Task details:
Pull out the lines from the one containing "عکس| شجاع: شما پول دارید، ما غیرت ایرانی" through the final line of the listing below and repeat them exactly. Leave the pictures behind.

Material provided:
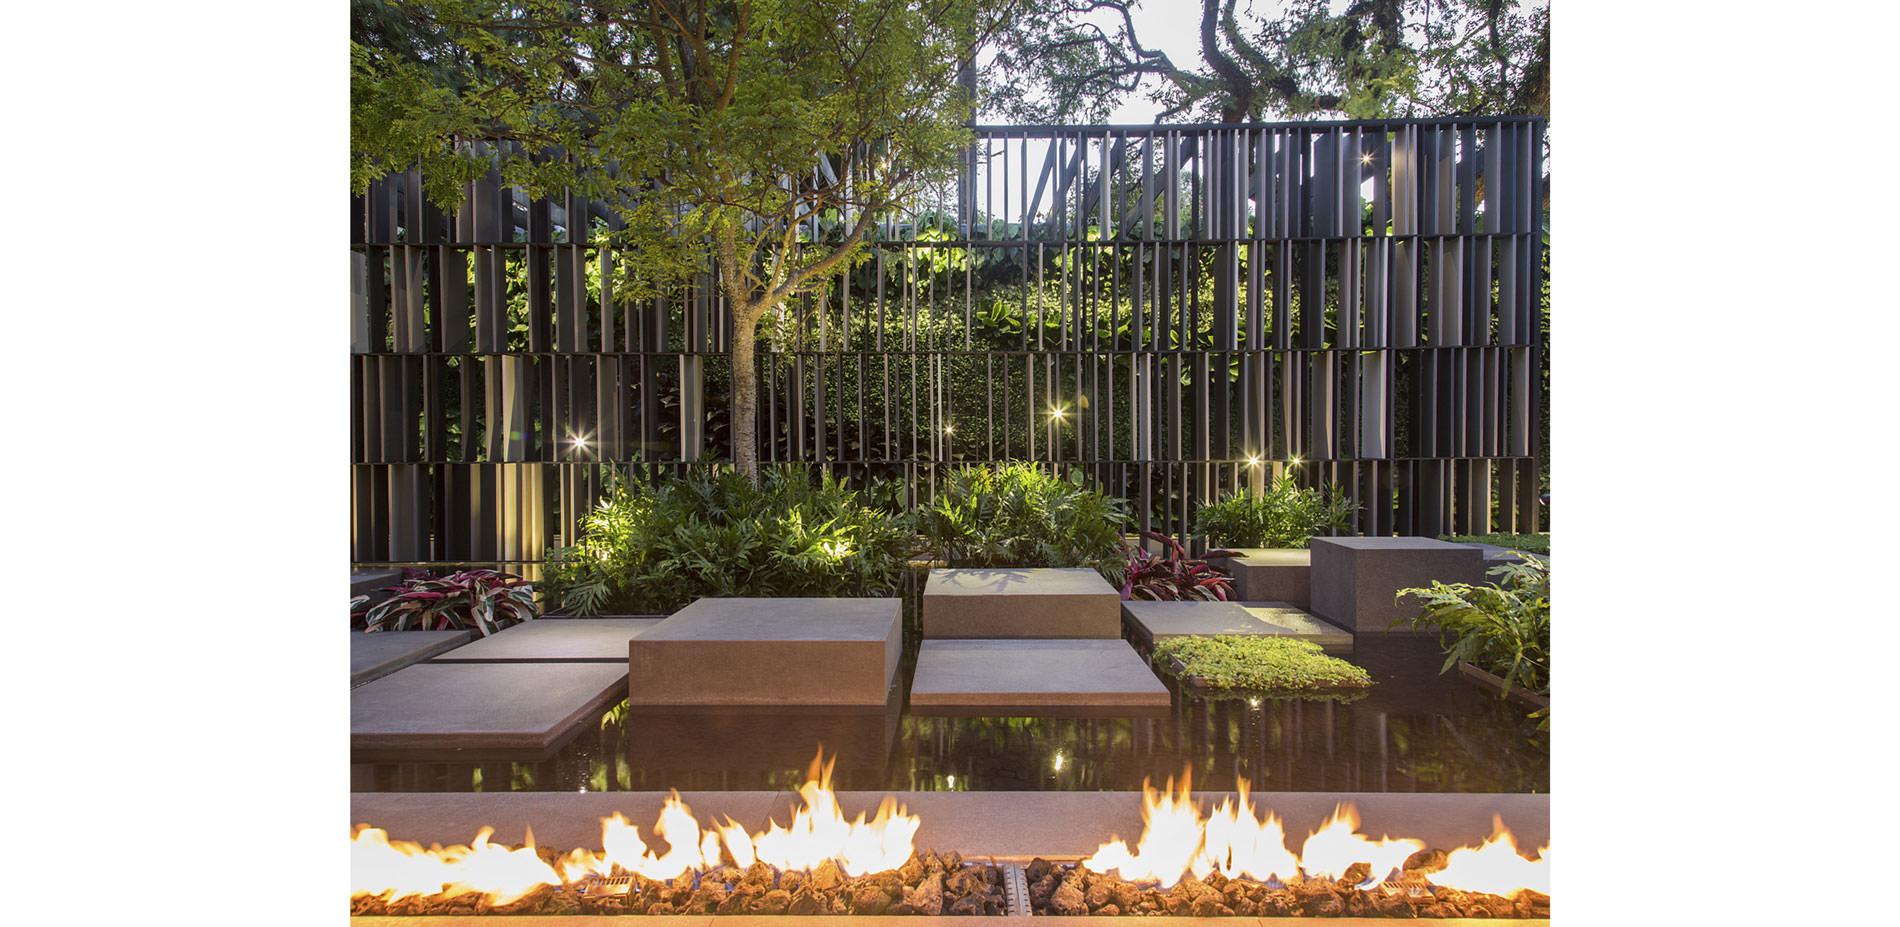 The Entrance Garden | 2017 ASLA Professional Awards
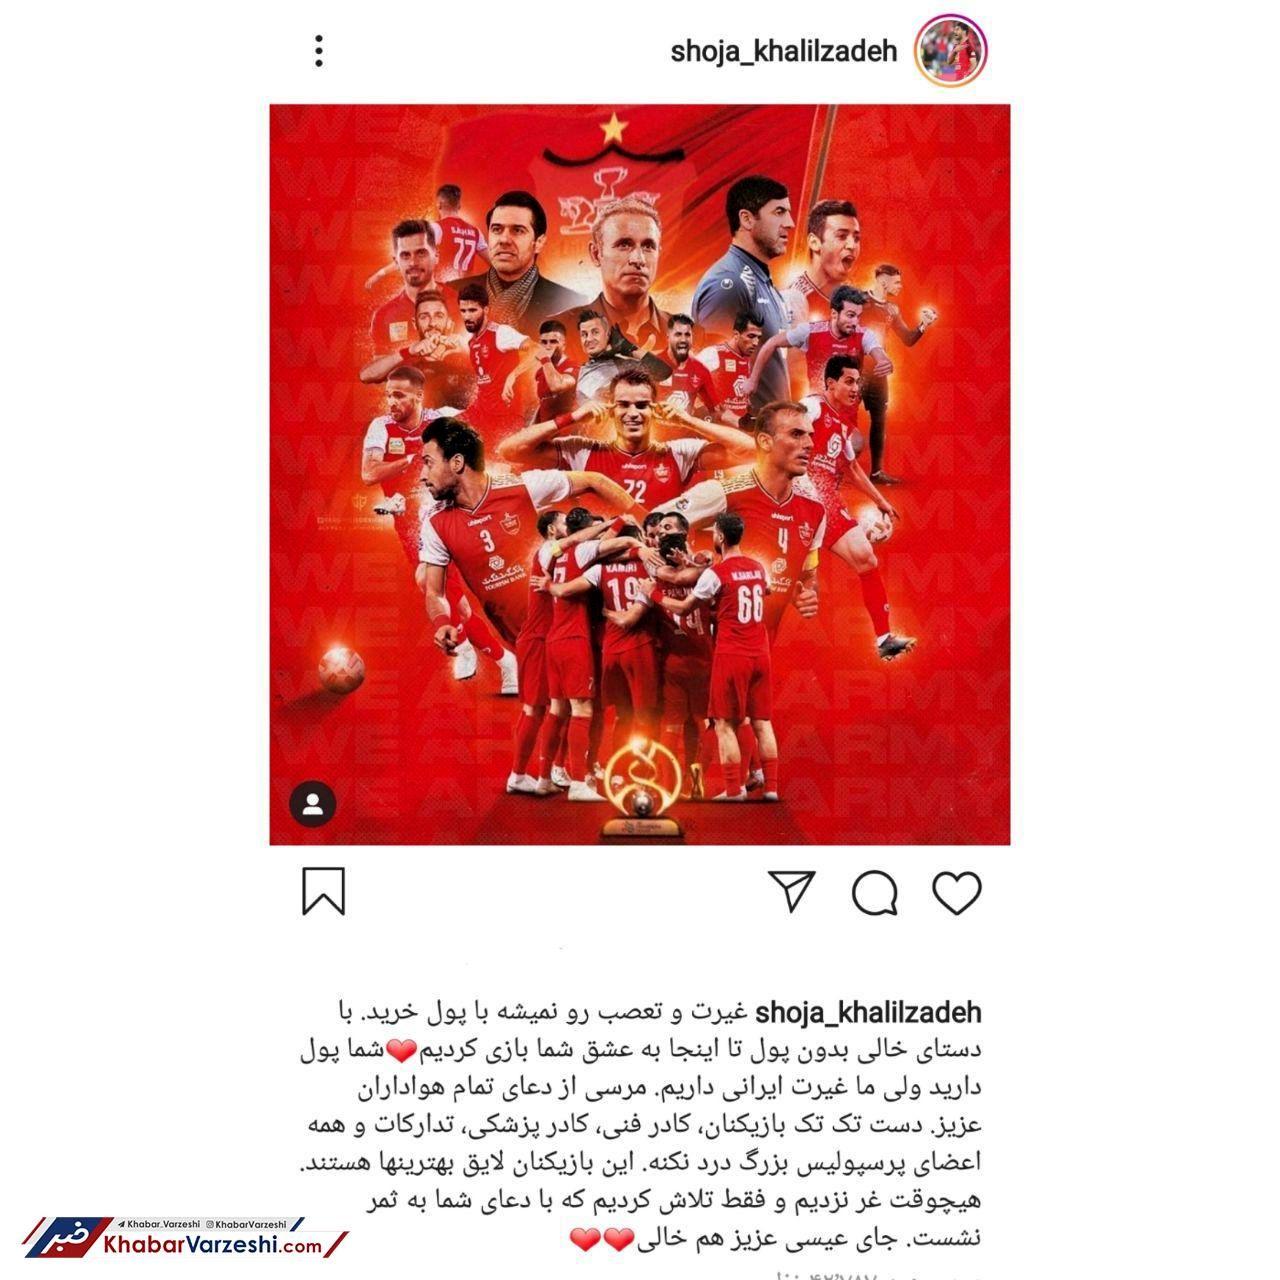 عکس| شجاع: شما پول دارید، ما غیرت ایرانی
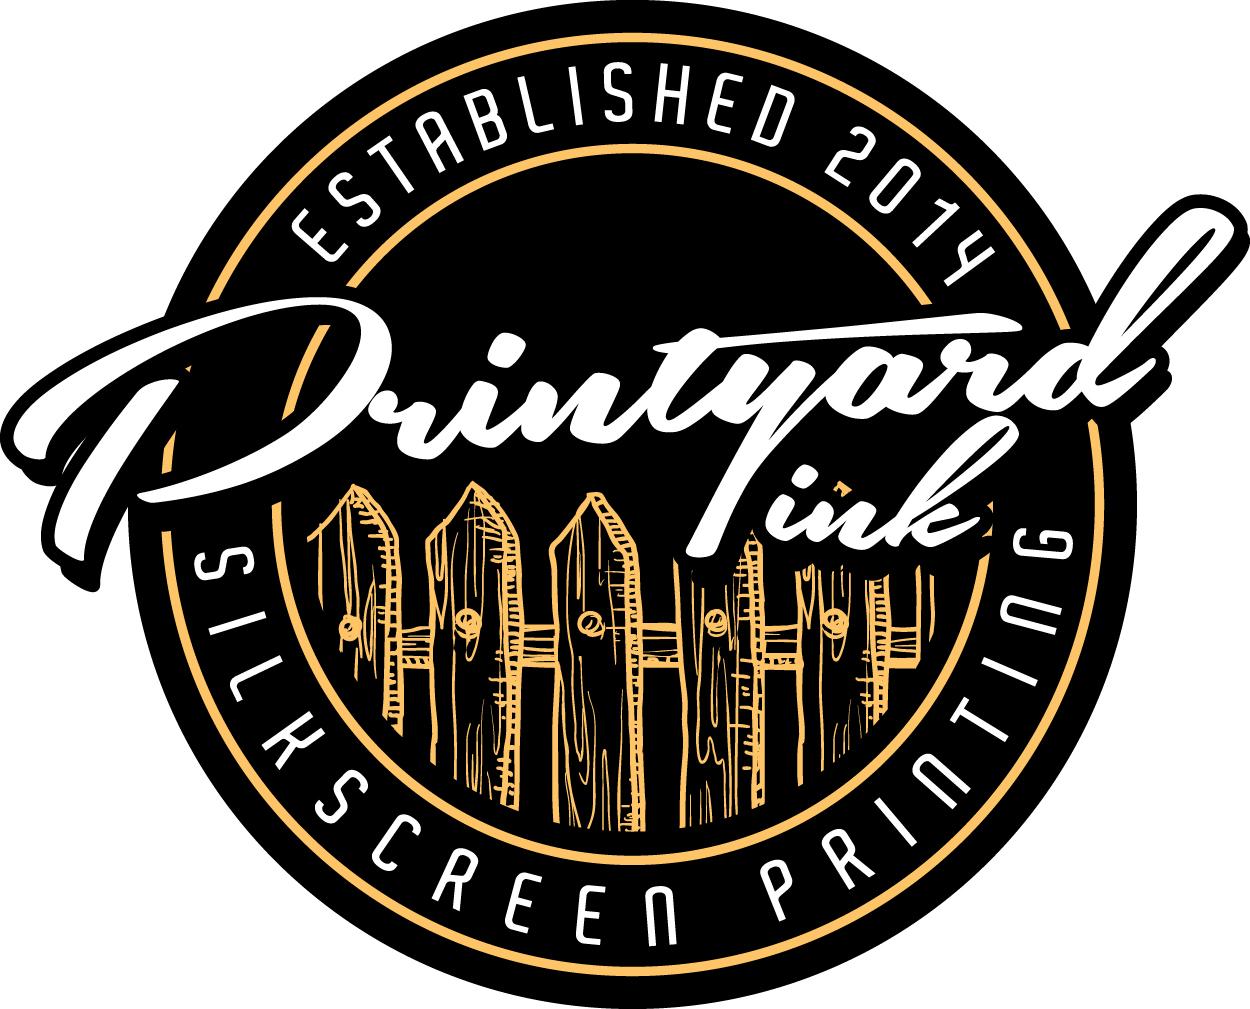 PrintyardInk image

Solution:
 عکس| شجاع: شما پول دارید، ما غیرت ایرانی
 PrintyardInk image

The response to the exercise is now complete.